Par contre, en dépit de quelques séquences gores plutôt réussies (un type qui traverse la vitre de sa voiture, une femme brûlée vive, un souâlard empallé sur des piquets....), "The Black Cat" peut décevoir par la présence toute relatives de celles-çi, surtout comparée aux précédents opus du réalisateur où elles demeuraient réèllement marquantes (l'énucléation d'Olga Karlatos dans "Zombi 2", le vomissement de tripes de "Frayeurs"...).
Là aussi, l'absence de Fabio Frizzi en tant que compositeur accouche d'une bande-sonore très faiblarde, bien que le thème du générique et de l'empoisennement du chat soient réussis.
En résulte tout de même un bon film, prenant, doté d'une bonne ambiance.
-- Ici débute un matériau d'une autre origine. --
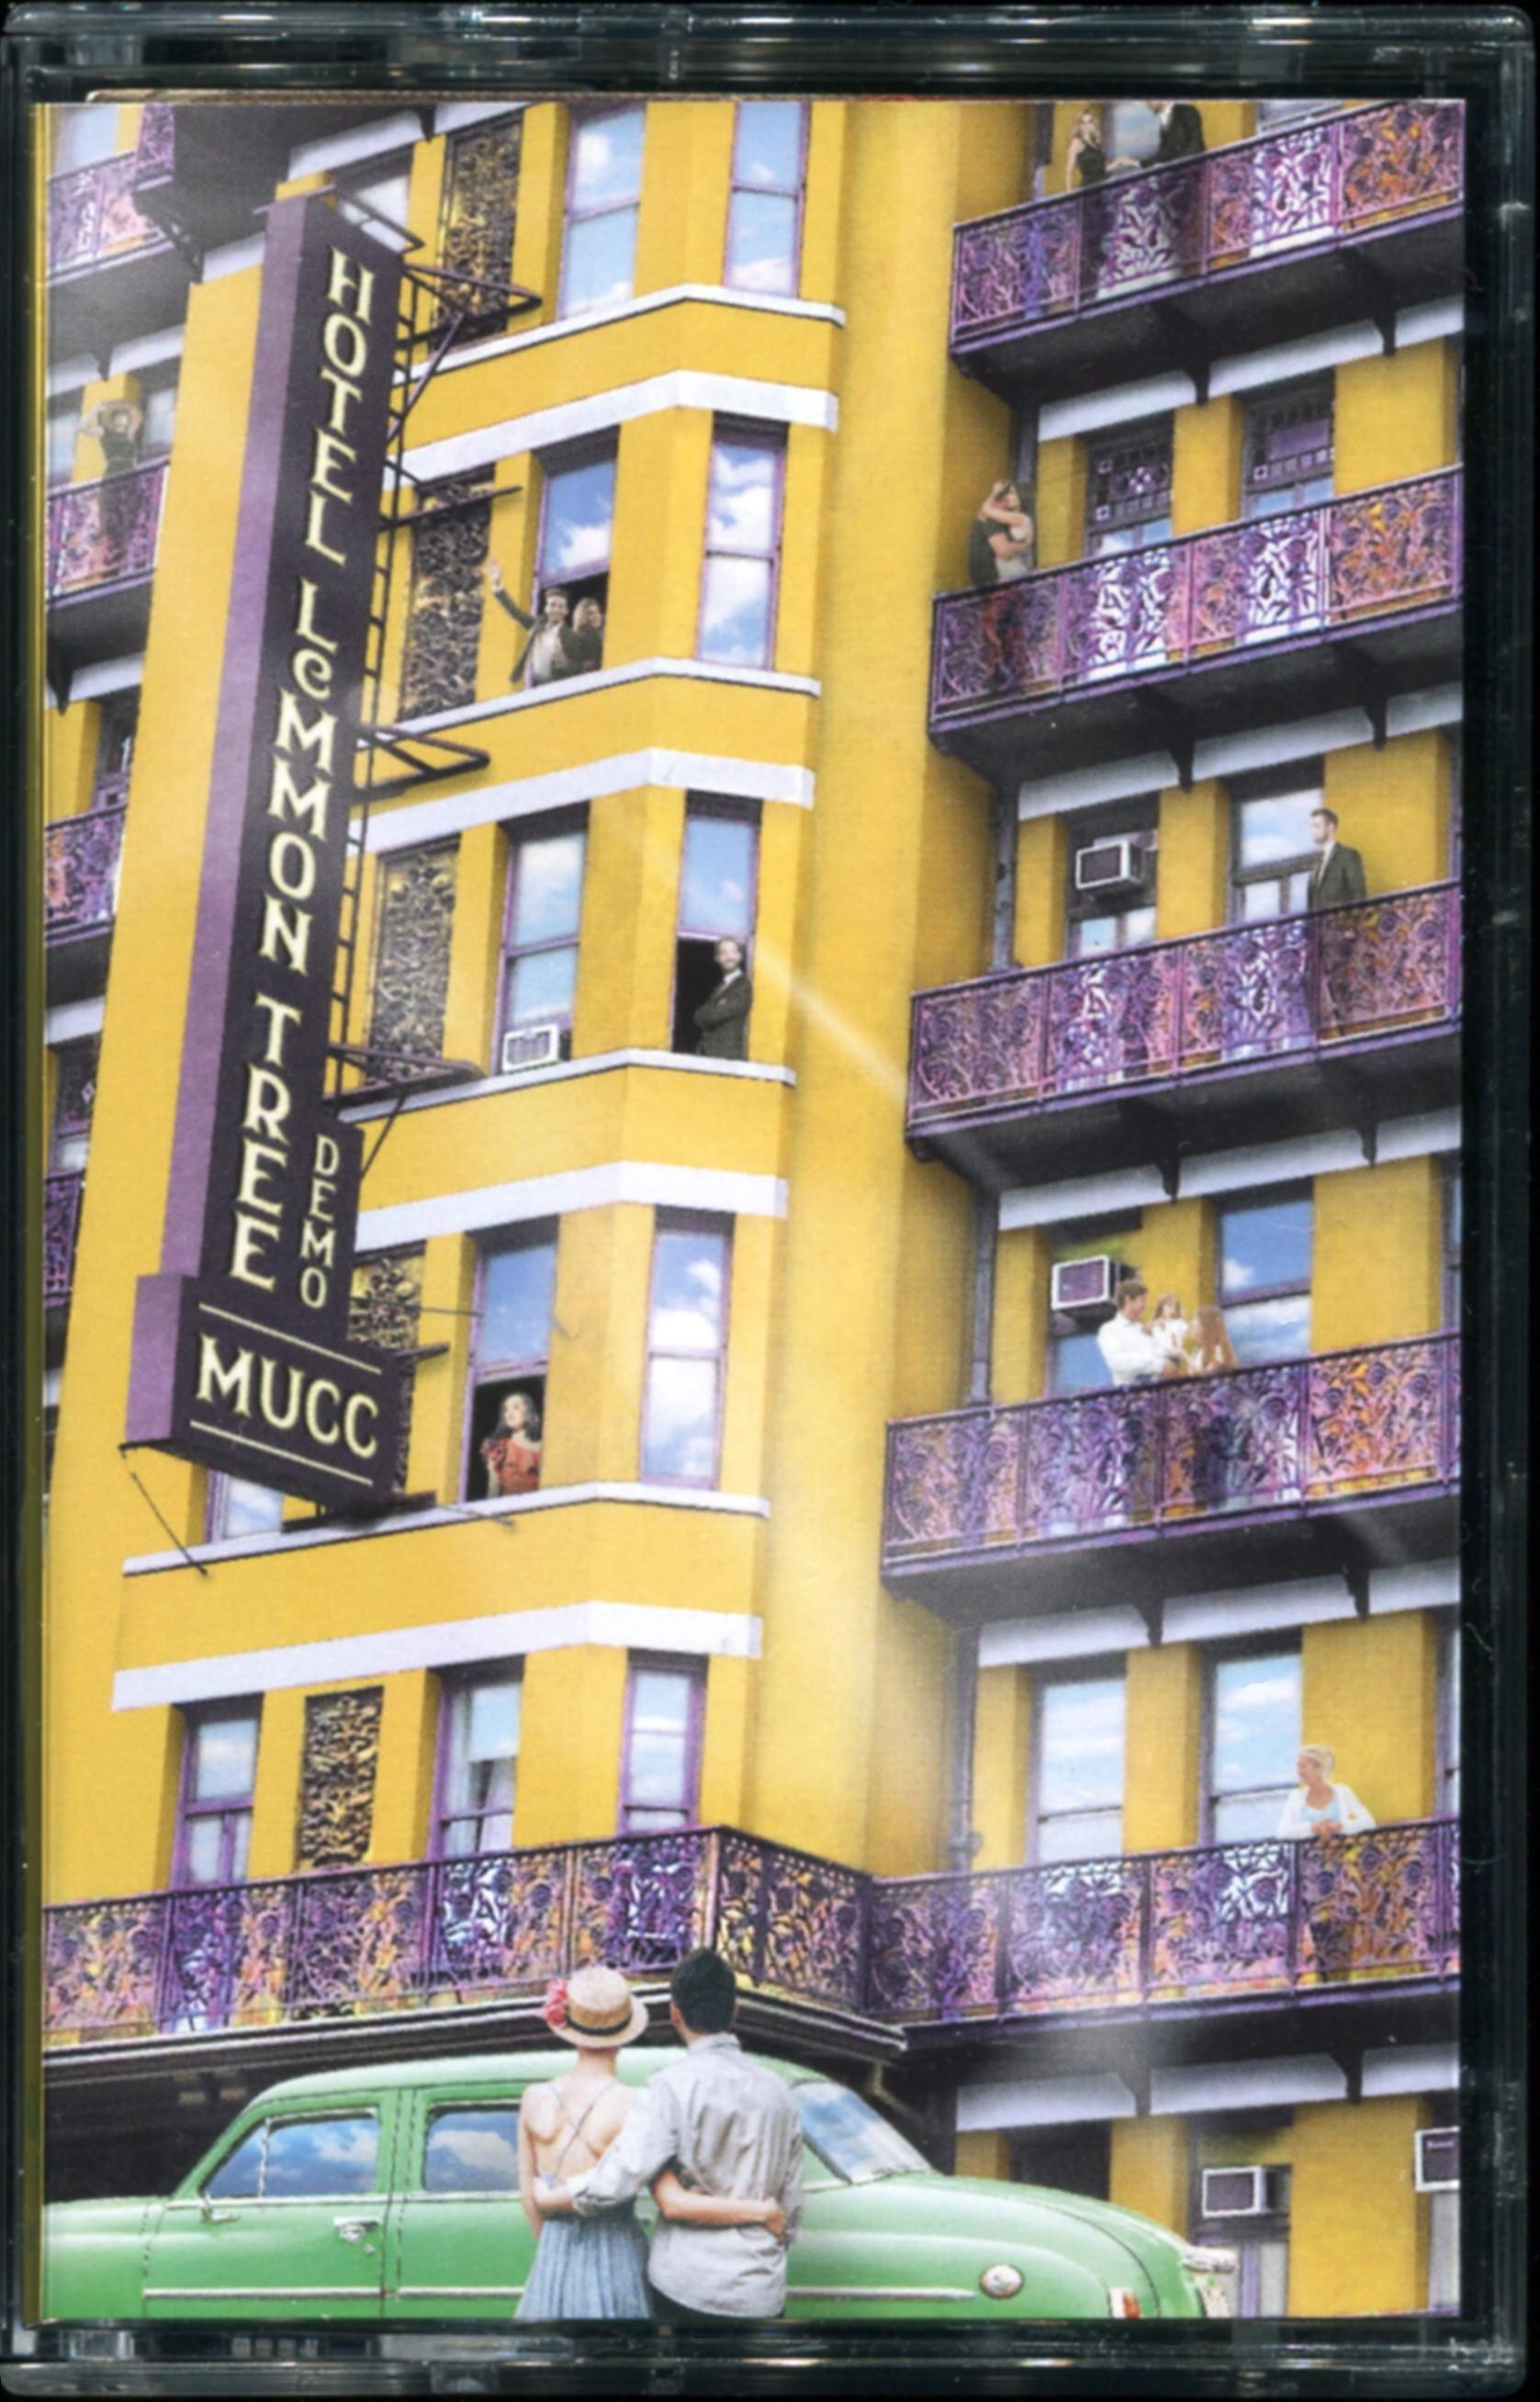 MUCC (ムック) – HOTEL LeMMON TREE DEMO [FLAC + MP3 320 / Cassette] [2019.07.01]

Fulci en était encore à sa période faste, et le prouve.
"Le chat noir" n'est pas son meilleur film, mais reste très plaisant à regarder.
Lucio Fulci ne semble pas tout à fait croire à cette vague adaptation d'un best-seller éponyme d'Edgar Allan Poe nous contant les méfaits d'un félidé capable de provoquer la mort dont le réalisateur ne retient que quelques éléments de base tels que la pendaison du chat (ce dernier ressurgira par la suite), pour finalement nous livrer un film fantastico-horrifique affreusement convenu et bancal.
Seule la réalisation, décidément impeccable, ne nous permet pas de faire allusion à un petit navet. Elle se voit contrebalancée par un rythme tellement mou du genou qu'il faut finir par s'accrocher afin de ne pas gagner les bras de Morphée, une direction d'acteurs laissant particulièrement à désirer (Patrick Magee et sa broussaille de sourcils grisonnants, pourtant admirable dans Orange Mécanique, est ici incroyablement mauvais en vieux pseudo-médium ridicule à souhait), ainsi qu'une intrigue relativement absconse et maigrelette (bon, ceci ne s'avère pas nouveau chez Fulci, vous me direz).
Reste des plans subjectifs du chat soignés, résumant à peu près l'unique intérêt de visionner cette modeste production dépourvue de génie et languissante au possible. Un métrage passable au demeurant, mais un Fulci médiocre.